Andrea Brogi – dichiarazioni 22.05.1992

Non ho procedimenti in corso. Sono stato condannato con sentenza passata in giudicato per l’attentato di Vaiano, nonché per altri attentati minori quali quello alla casa del popolo di Moiano e ai tralicci del Mugello. Preso atto di tutto ciò il G.I. rileva che puo’ darsi corso all’audizione del brogi nelle forme della deposizione testimoniale. Prendo atto che mi viene chiesto di ricapitolare brevemente i miei rapporti col Cauchi, peraltro già oggetto di numerose mie dichiarazioni sia a lei che all’a.g. di Firenze, e in particolare di riferire in merito ai contatti fra il Cauchi ed ambienti istituzionali. Ho conosciuto Cauchi nel 1968 a Roma ai funerali dell’on. Michelini. L’ho poi frequentato sia a Firenze che ad Arezzo.
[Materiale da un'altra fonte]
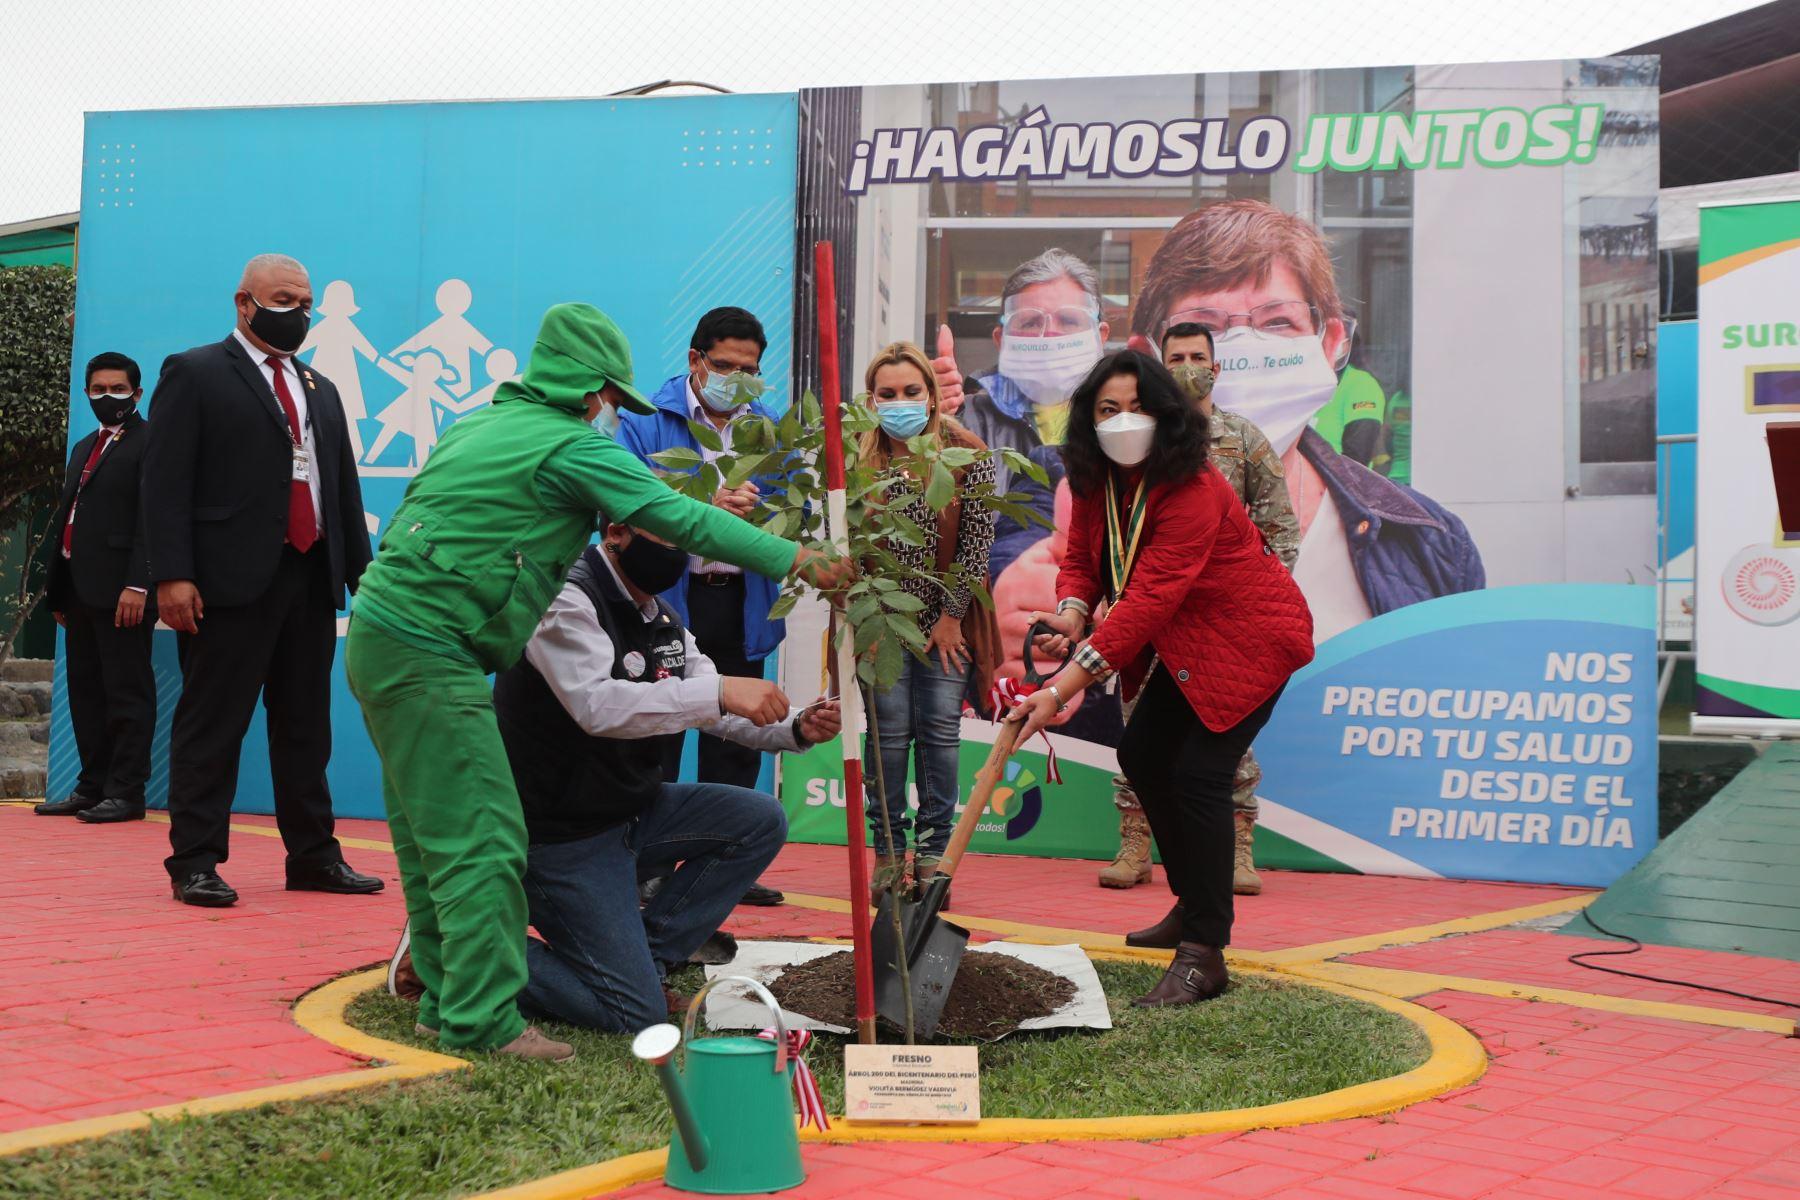 La presidenta del Consejo de Ministros, Violeta Bermúdez junto a la presidenta ejecutiva de EsSalud y el alcalde de Surquillo, participan del Sembrado de 200 árboles por su 72 aniversario. Foto: PCM

Nel 1970 facemmo campagna elettorale assieme per il M.S.I. nella circoscrizione Siena, Arezzo e Grosseto. Nel 1971 fui espulso dal M.s.i. ed entrai in ordine nuovo. Ad Arezzo Batani e Cauchi, pur restando nell’ambito del M.S.I. – in particolare erano legati al Ghinelli che rappresentava l’ala dura del partito aprirono una sezione di O.N. che dipendeva da Perugia, cioè da Gubbini e dai fratelli Castori. Era un tempo di grande fermento. O.N. stava per essere messo fuori legge. C’era il discorso di unificare A.N. ed O.N.. Io dal marzo 71 al maggio 72 avevo fatto il servizio militare.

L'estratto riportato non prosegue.